This commit is contained in:
Brandon Rozek 2024-11-26 20:21:42 -05:00
parent 303a045f87
commit 6173816ab3
No known key found for this signature in database
GPG key ID: 26E457DA82C9F480

View file

@ -0,0 +1,108 @@
---
title: "Please monitor disk usage"
date: 2024-11-26T19:59:10-05:00
draft: false
tags: []
math: false
medium_enabled: false
---
You know one of the worst errors to deal with on Linux?
> No space left on device
Why? Because recovery becomes really annoying.
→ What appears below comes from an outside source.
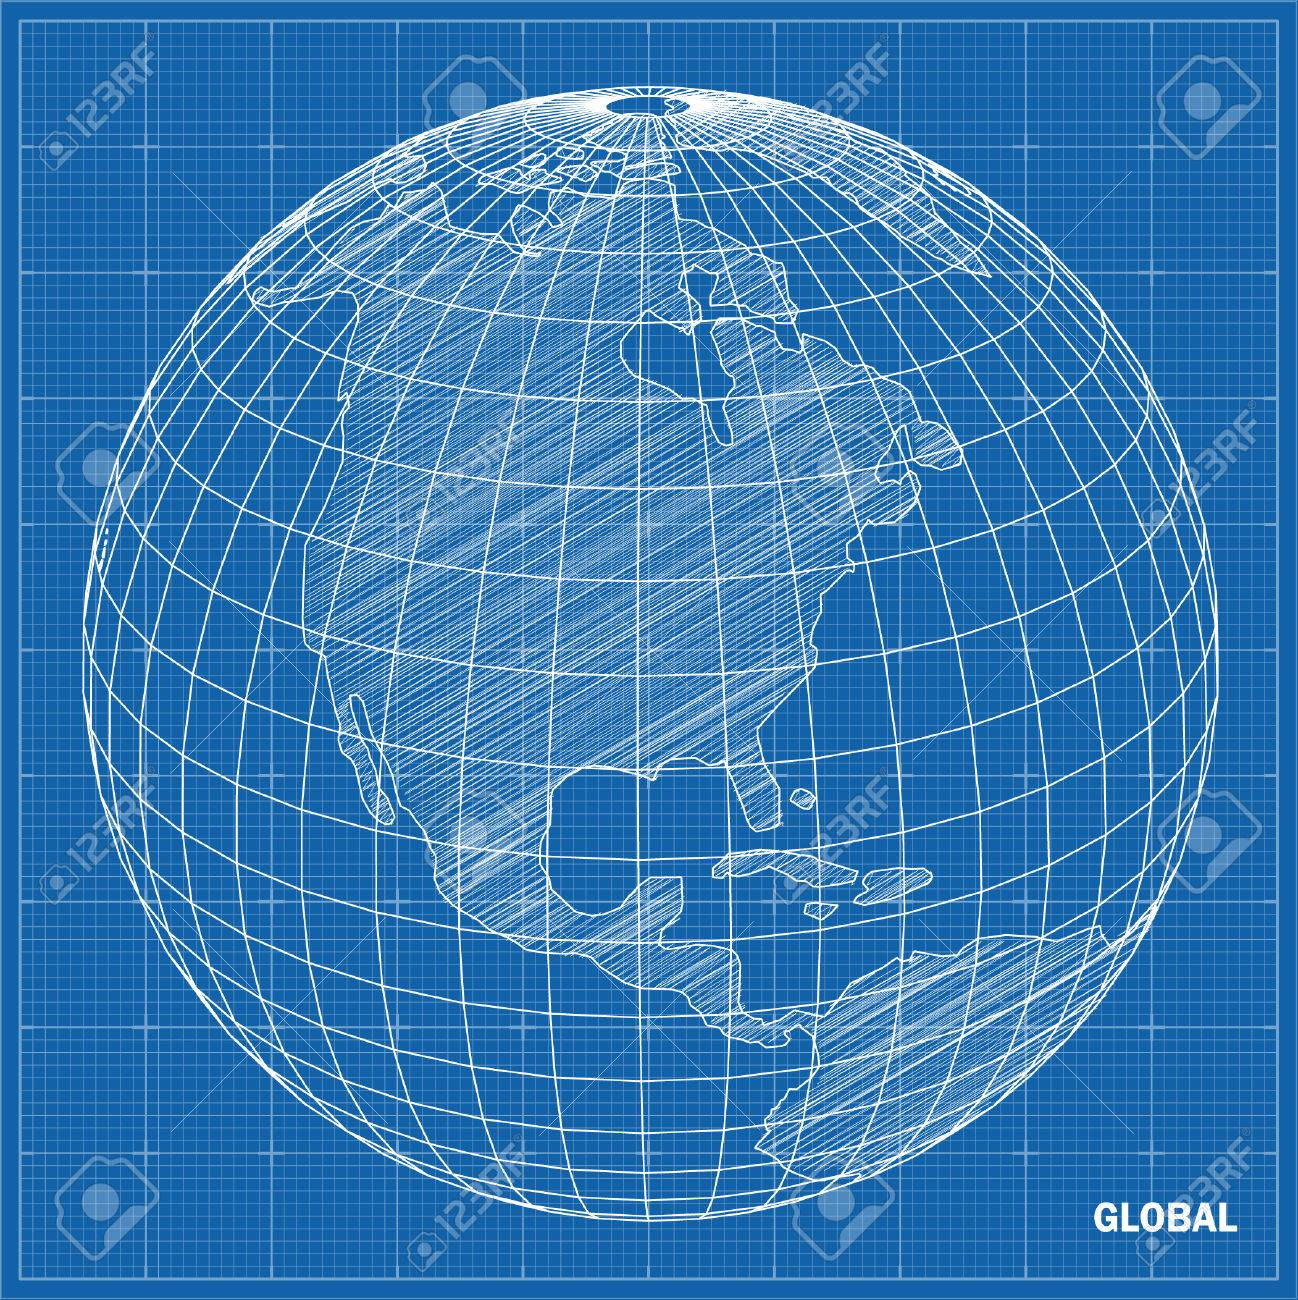 Global sphere blueprint Vector illustration - 25815807
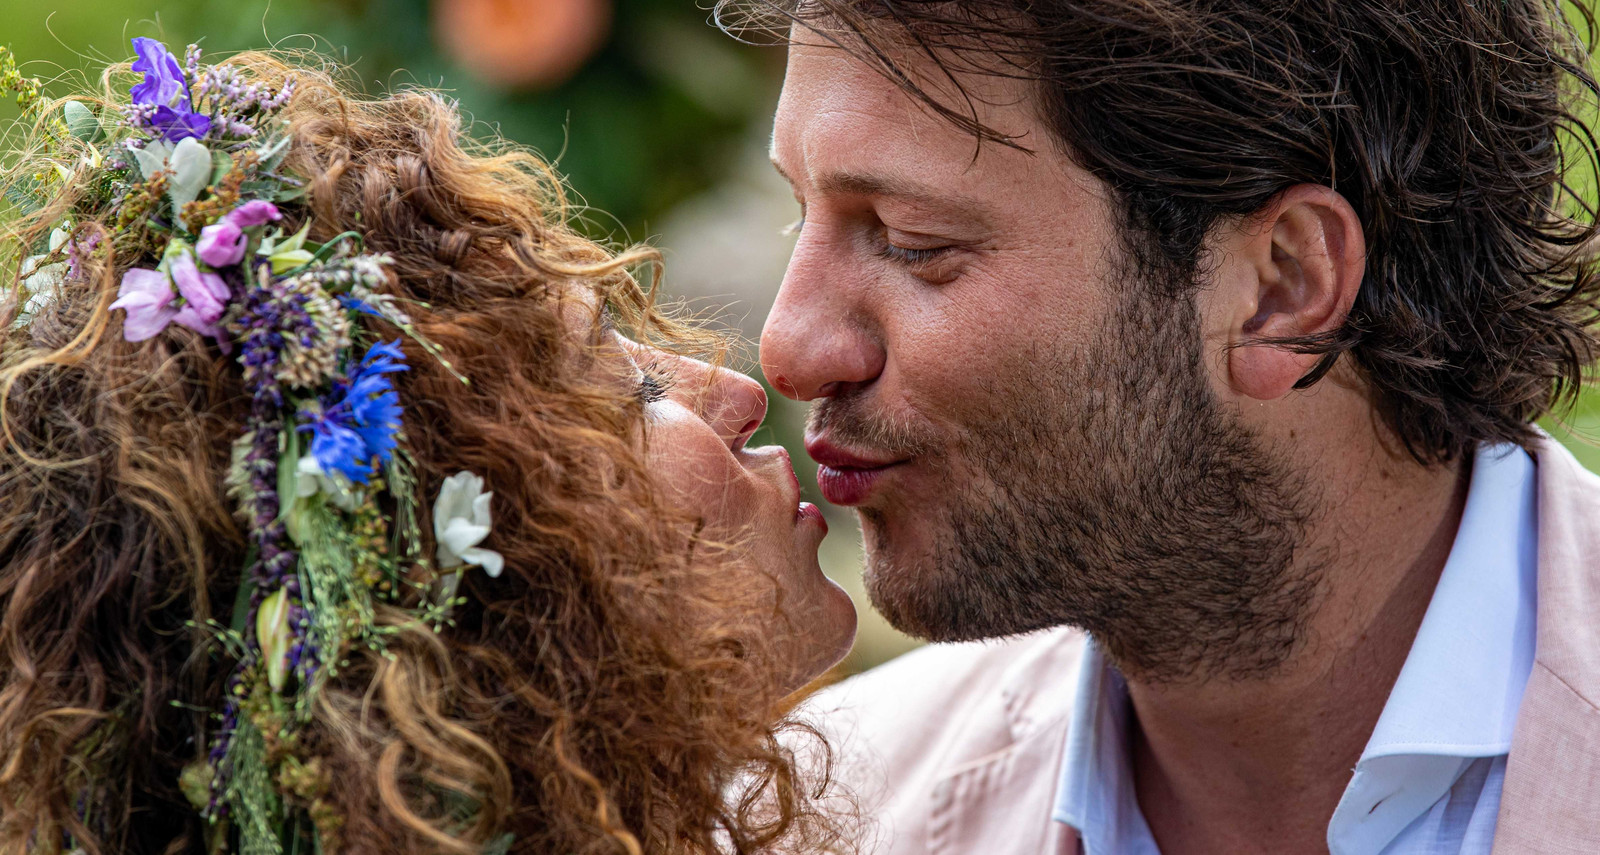 Katja Schuurman en Freek van Noortwijk poseren tijdens het vieren van hun huwelijk.

Depending on your luck, Linux may try to cache to disk even when it's not possible causing several commands to fail.
If you're already in this situation, the best thing you can do is try to locate files to remove. You can run `du -sh *` in any given directory to see the sizes of files and subfolders.
Common places that hold temporary files which can likely be removed are:
- `/tmp`
- `~/.cache`
An even better solution is to not get into this situation in the first place. For that, I introduce a bash script which sends a notification when the disk is getting full!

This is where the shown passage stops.